Tarafların bu denli temel güvenlik çıkarlarına dayalı pozisyonları, dış arabuluculuk yoluyla kolayca çözülebilecek nitelikte değil. Türkiye, İstanbul görüşmelerine ev sahipliği yaparak ve Karadeniz Tahıl Koridoru gibi yaratıcı diplomatik adımlar atarak sürece katkı sunuyor. Ancak mevcut yapısal gerilimler karşısında, çatışmanın derin nedenlerini ortadan kaldırma kapasitesine sahip değil.
Tüm zorluklara rağmen bu görüşmelerin kendine has bir önemi bulunuyor. İstanbul’un yeniden müzakere mekanı olarak seçilmesi yalnızca üç yıl önceki görüşmelerin burada yapılmasından dolayı değil, aynı zamanda Türkiye’nin bölgesel diplomatik rolünü vurgulaması açısından da sembolik bir anlam taşıyor.
Cumhurbaşkanı Recep Tayyip Erdoğan’ın “Çatışmayı sona erdirme çabaları tarihi bir dönüm noktasına ulaştı, bu fırsat kaçırılmamalı.” açıklaması, Türkiye'nin sürece yönelik güçlü siyasi iradesini ortaya koyuyor.
Rus siyaset analizlerine göre, görüşmelerin seyrini belirleyecek iki temel unsur öne çıkıyor: İlki, Ukrayna’nın 2022 yılı Ekim ayında Devlet Başkanı Zelenski tarafından imzalanan ve Putin’le doğrudan görüşmeyi yasaklayan kararnameyi iptal edip etmeyeceği. İkincisi ise Ukrayna’nın müzakere sürecinde ne ölçüde bağımsız ve özerk hareket edebileceği. Bu iki faktör, görüşmelerin başarıya ulaşıp ulaşmayacağı konusunda belirleyici olacak.

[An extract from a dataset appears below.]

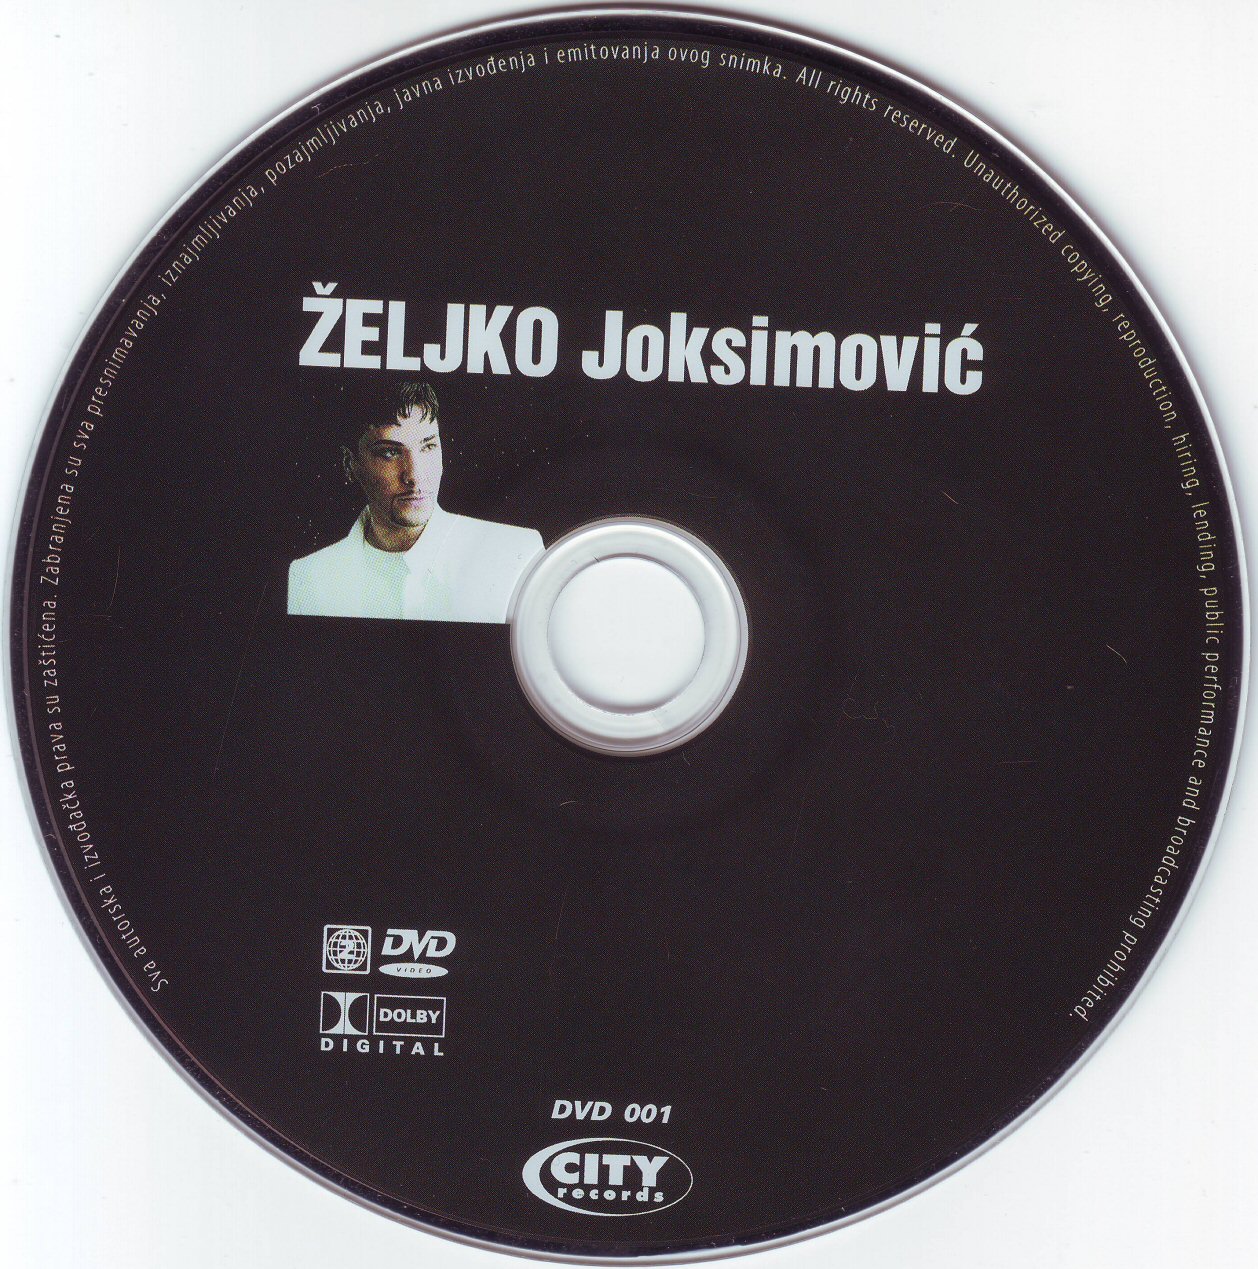 Click to view full size image -  DVD Cover - 0-9 - DVD - ZELJKO JOKSIMOVIC  - KONCERT - CD - DVD - ZELJKO JOKSIMOVIC  - KONCERT - CD.jpg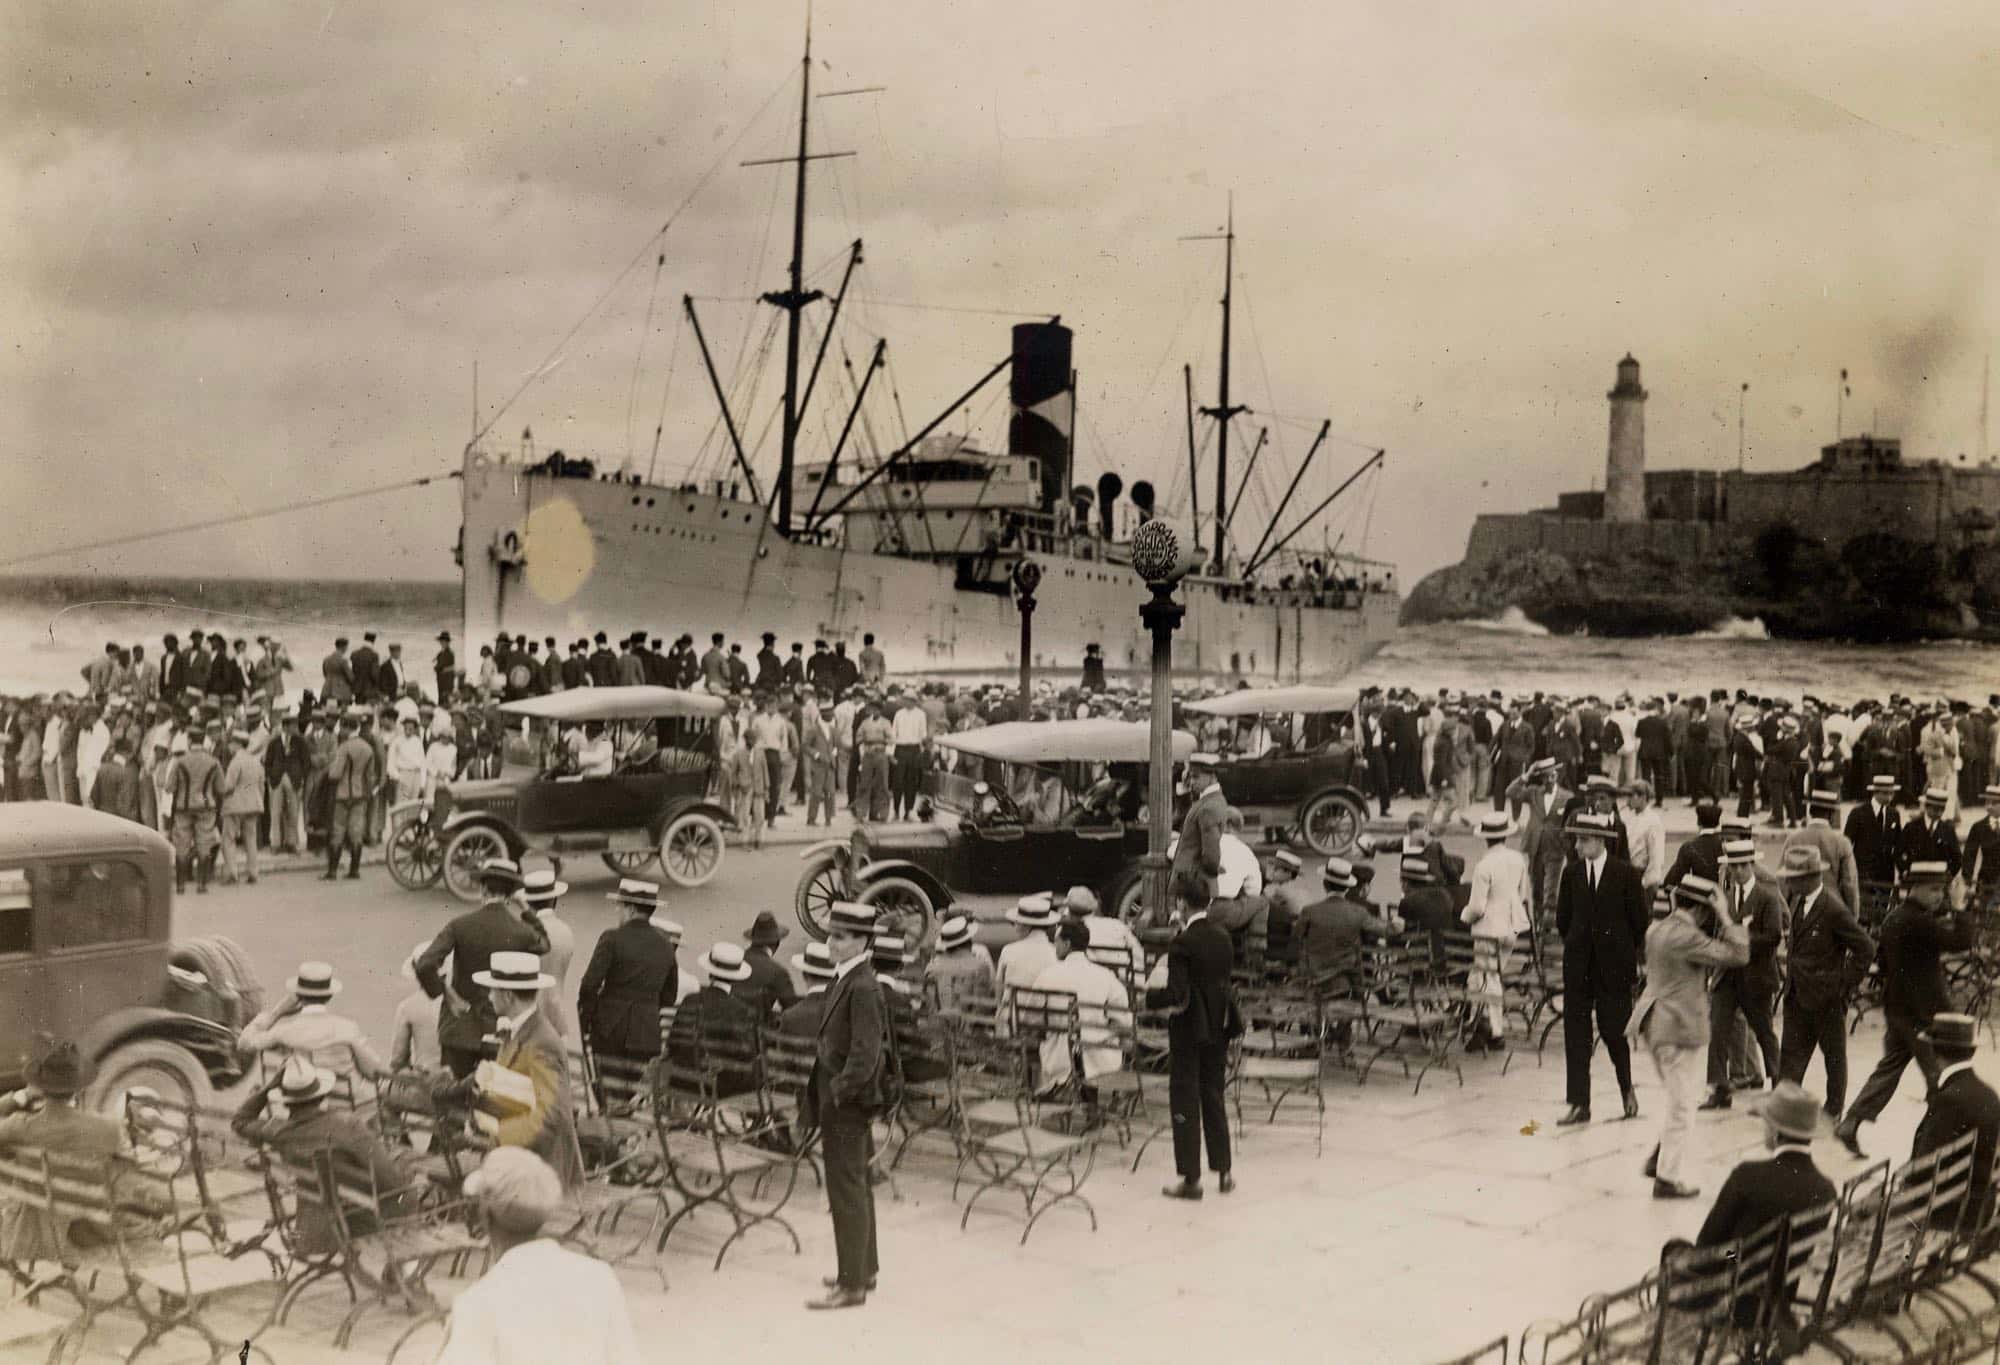 San Pablo fruit import ship being watched by a crowd of people sometime during the early 1900s.

Türkiye’nin hem arabulucu hem de ev sahibi olarak üstlendiği rol, ne abartılmalı ne de göz ardı edilmelidir. Erdoğan hükümeti, Türkiye’nin eşsiz jeopolitik konumu ve esnek diplomasi yaklaşımıyla İstanbul’u tüm tarafların kabul edebileceği nadir bir müzakere platformuna dönüştürdü. Bu bile başlı başına dikkate değer bir diplomatik başarıdır.
Ancak Türkiye’nin etkisi; ulusal çıkarları, Batı’nın baskısı ve çatışmanın çok katmanlı doğası nedeniyle sınırlı kalıyor. Uzman analizlerin de vurguladığı gibi, Ankara özellikle esir takası gibi pratik alanlarda önemli sonuçlar elde etti. Buna karşın çatışmanın temel sebeplerine müdahale edebilecek bir pozisyonda değil.
Sonuç olarak Rusya-Ukrayna krizinin çözümü yalnızca müzakere masasındaki adımlara değil; cephedeki gelişmelere, Batı ittifakının iç dayanıklılığına ve her iki ülkenin değişen iç politik dinamiklerine bağlı. Bu çok kutuplu ve çetin satranç tahtasında, Türkiye’nin arabuluculuğu karanlığı bütünüyle dağıtmasa da, en azından çözüm arayanlara yol gösteren bir ışık işlevi görüyor."